Recession concerns around the world and future UK economic growth were compounded by the resignation of two senior government ministers, including former Chancellor Rishi Sunak – which opened the floodgates for a wave of ministers to follow him out the door.
The pound rallied on Thursday after reports Boris Johnson would quit as Prime Minister amid the telling show of no confidence within his own party.
However, rising household costs and slowing growth continue to cast a cloud over the UK economy – and the pound.
The dollar, supported by its safe-haven status throughout the week, received a further boost from a stronger-than-expected jobs report on Friday that stoked expectations of Federal Reserve hawkishness.
Political and economic developments in focus for the pound
UK politics will continue to drive sentiment towards the pound this week, with the removal of near-term political uncertainty potentially encouraging investors.
These market participants will keep a close eye on the 1922 Committee – the organising body for Conservative MPs – which has the power to rewrite party rules on leadership challenges and oust Johnson before a new PM is in place.
Tuesday’s speaking engagement for Bank of England governor Andrew Bailey at an event hosted by the Official Monetary and Financial Institutions Forum will be scrutinised for comments about the UK’s economic health.
The monthly GDP print on Wednesday stands out during a relatively data-light week in the UK. Official figures showed that the UK’s GDP – a measure of the total goods and services produced – dropped by 0.3% in April.
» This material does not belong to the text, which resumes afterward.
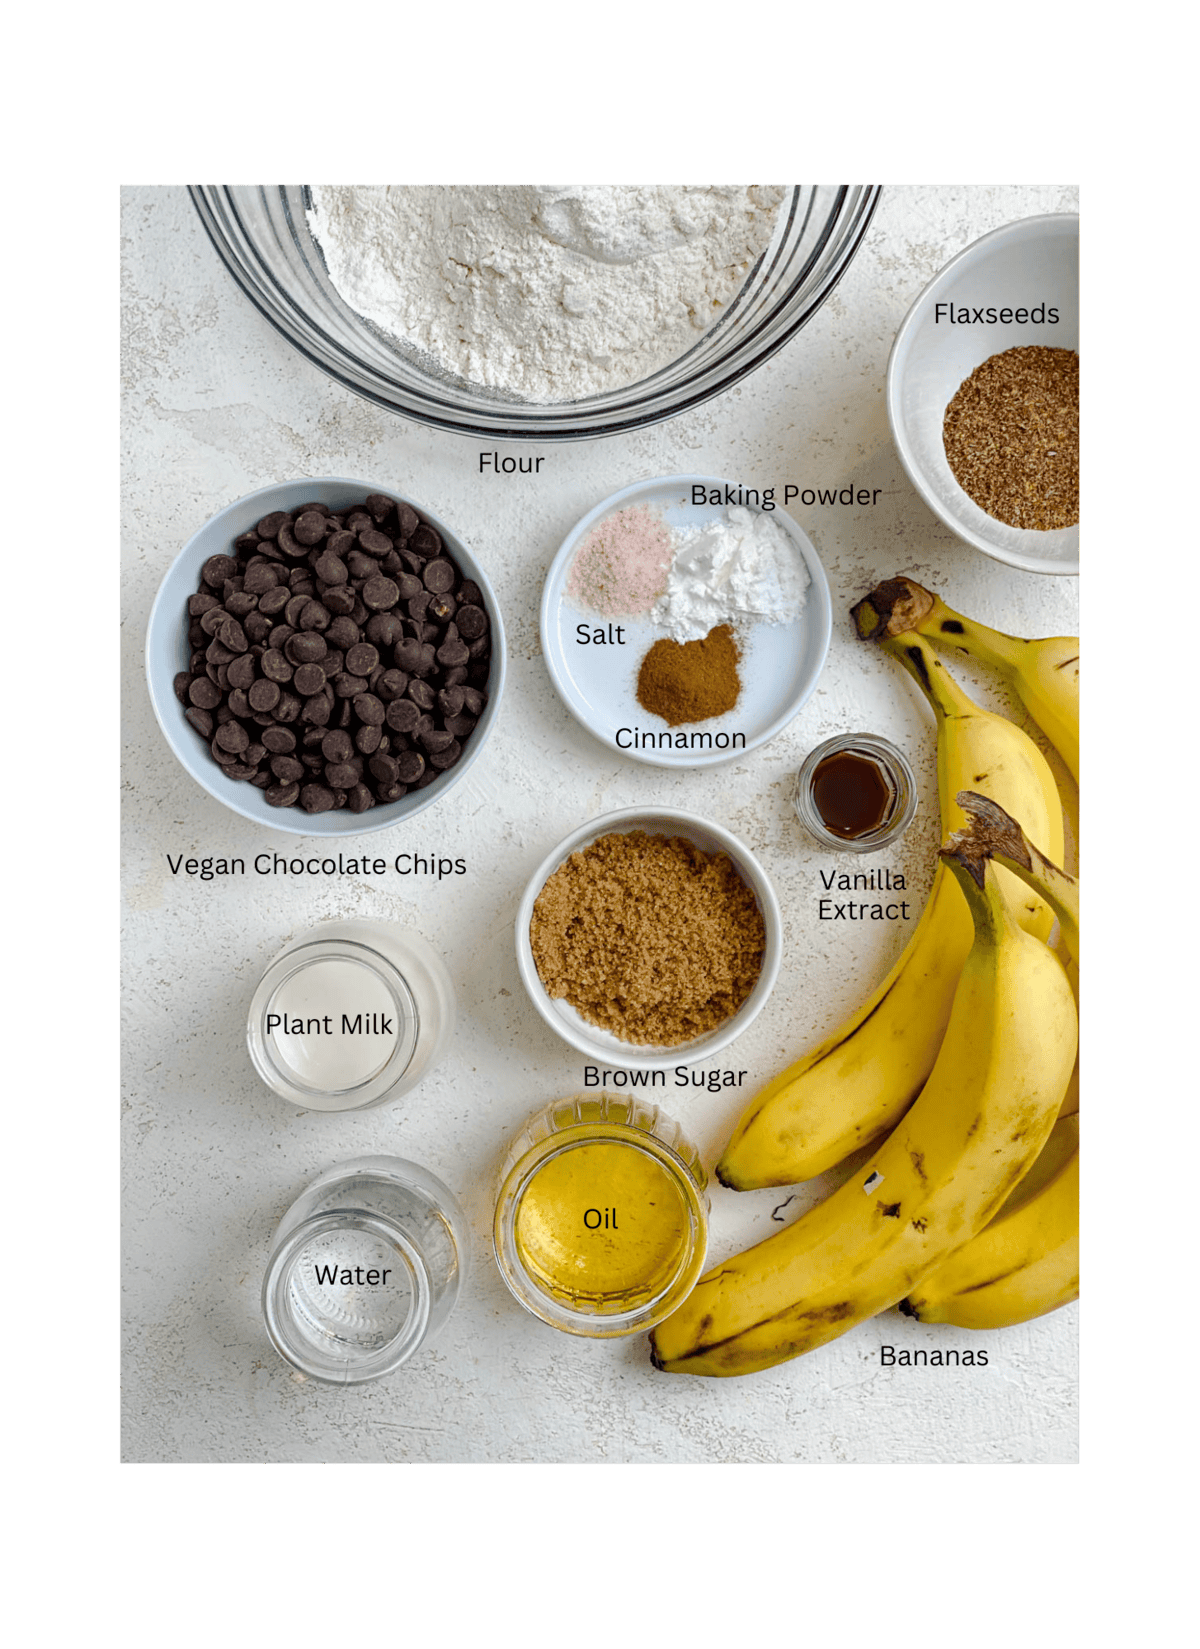 ingredients for Banana Chocolate Chip Bars measured out on a white surface

Economists expect zero growth in May.
Inflation data in focus for the dollar
Monetary policy divergence between the Federal Reserve and BoE could continue to be a catalyst for the dollar, with the pace of rate hikes in the US outstripping the UK.
The June consumer price index looms large on Wednesday. This closely watched gauge of inflation is forecast to be hotter than May’s 8.6% year-over-year pace, stoking expectations of aggressive Fed policy tightening to cool prices.
The June producer price index – an indicator of commodity inflation – hits the headlines on Thursday. On Friday, the University of Michigan consumer sentiment report for July and retail sales for June combine to provide a measure of US consumer confidence.